What is being asked. All the lines below should be set down exactly, with no picture carried into the copy.

Dataset excerpt.
*** Begin section ***

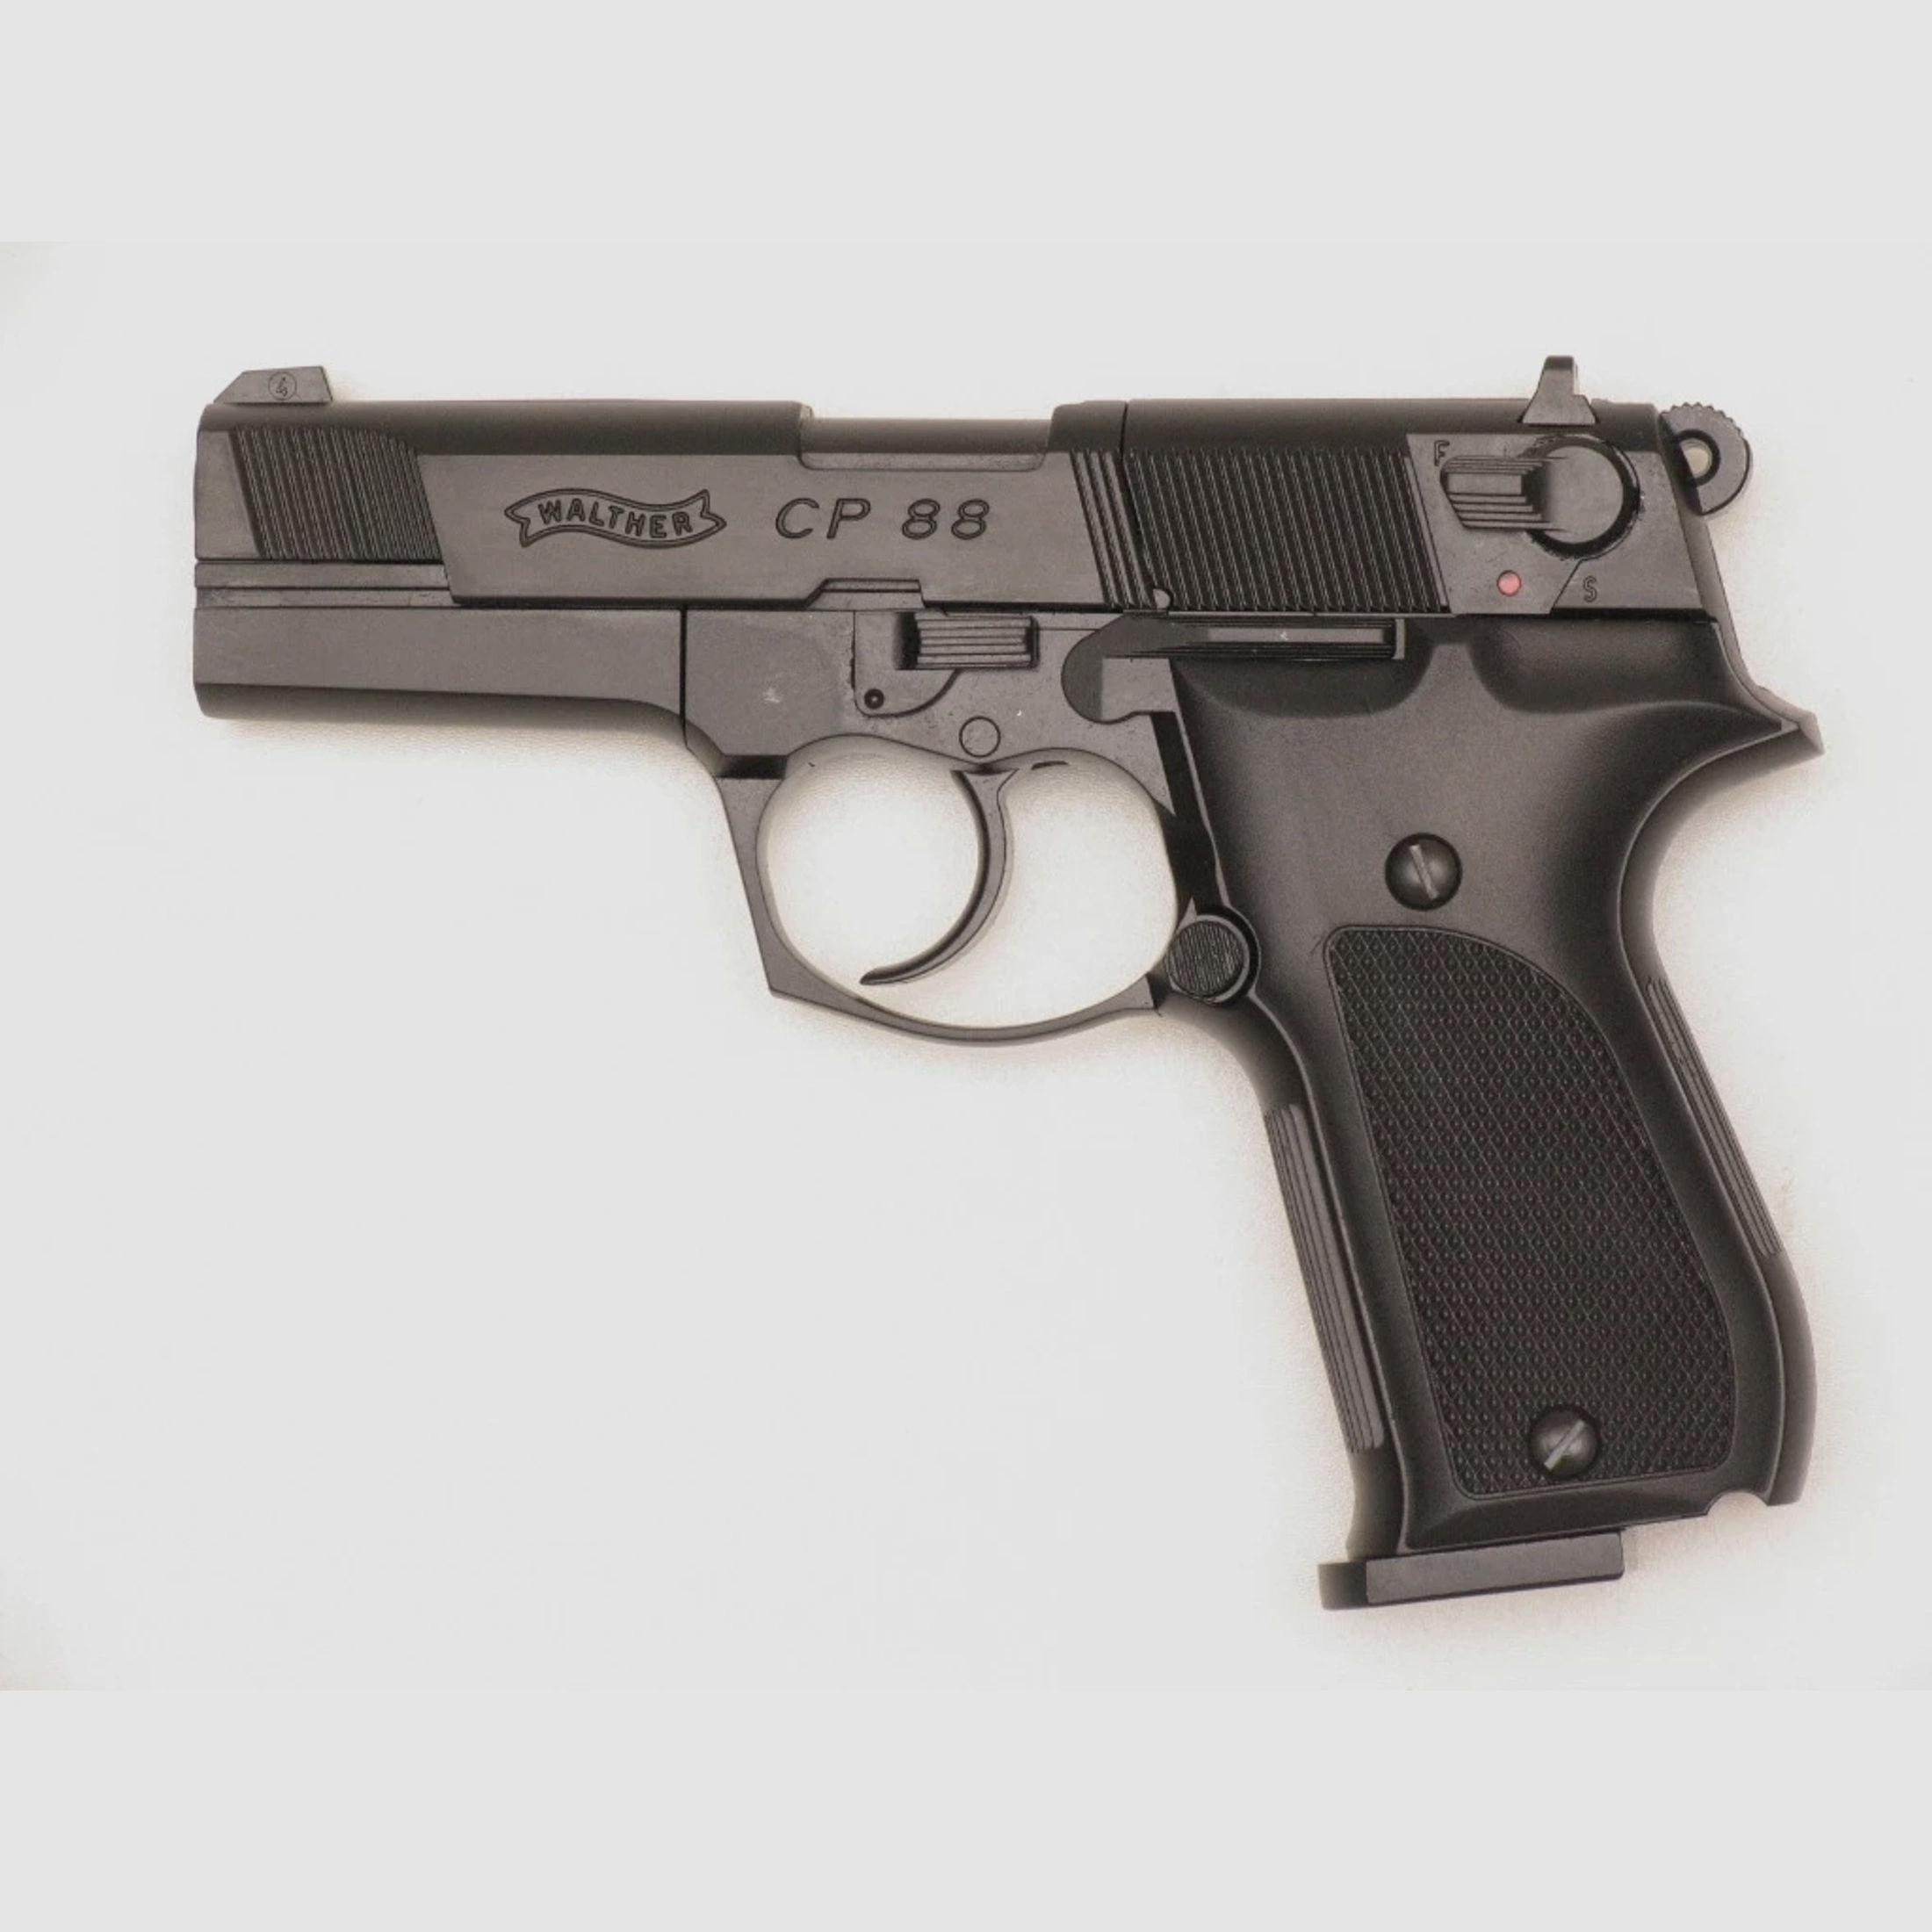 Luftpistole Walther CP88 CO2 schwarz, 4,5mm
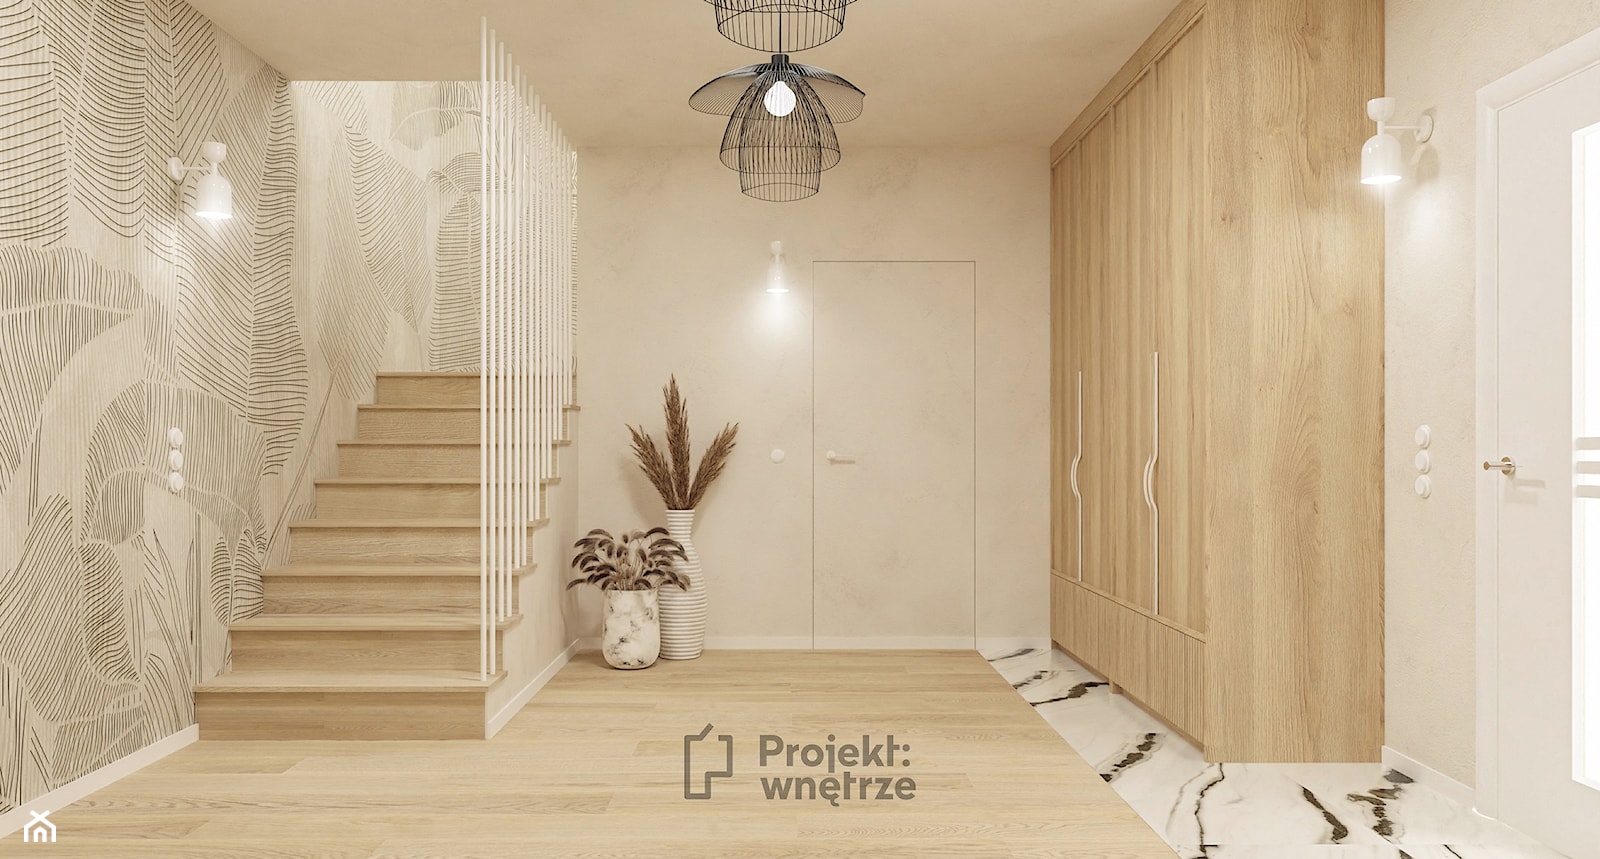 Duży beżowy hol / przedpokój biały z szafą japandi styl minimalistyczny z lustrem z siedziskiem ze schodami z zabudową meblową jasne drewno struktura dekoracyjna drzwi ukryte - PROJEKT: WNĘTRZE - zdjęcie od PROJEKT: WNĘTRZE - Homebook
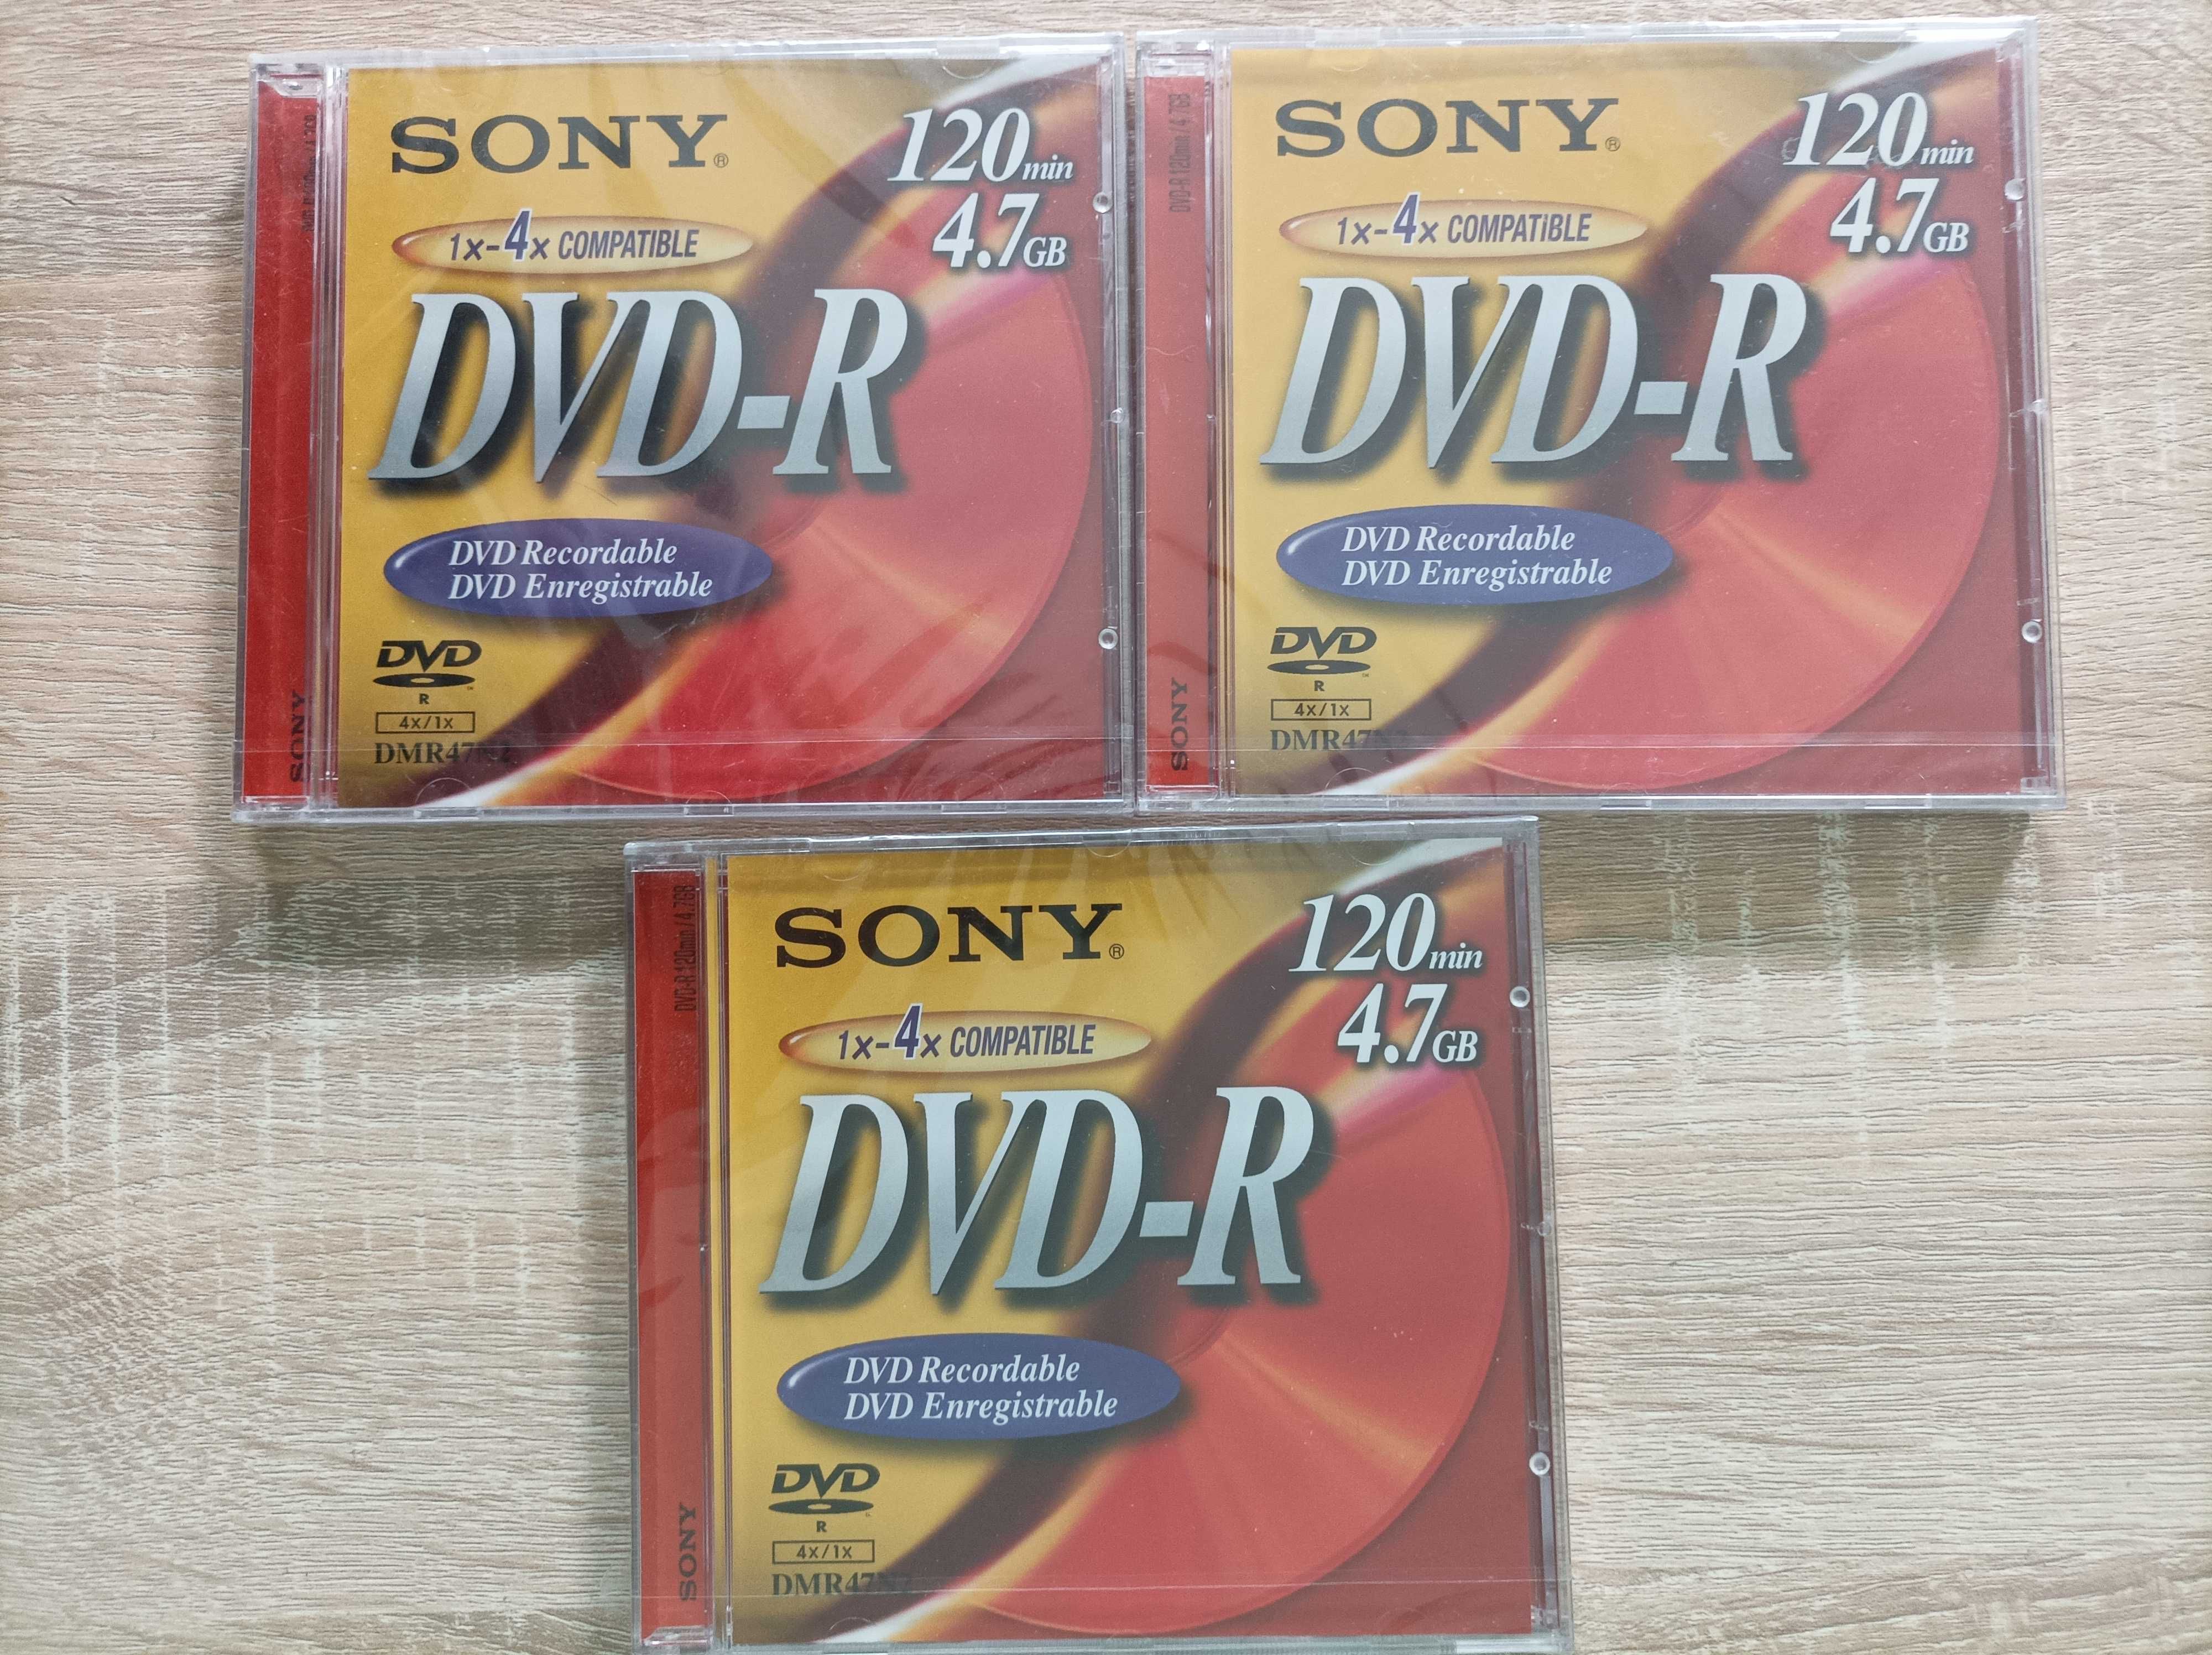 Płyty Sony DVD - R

*** End section ***

Answer to this task.
 Luftpistole Walther CP88 CO2 schwarz, 4,5mm
 Duży beżowy hol / przedpokój biały z szafą japandi styl minimalistyczny z lustrem z siedziskiem ze schodami z zabudową meblową jasne drewno struktura dekoracyjna drzwi ukryte - PROJEKT: WNĘTRZE - zdjęcie od PROJEKT: WNĘTRZE - Homebook
 Płyty Sony DVD - R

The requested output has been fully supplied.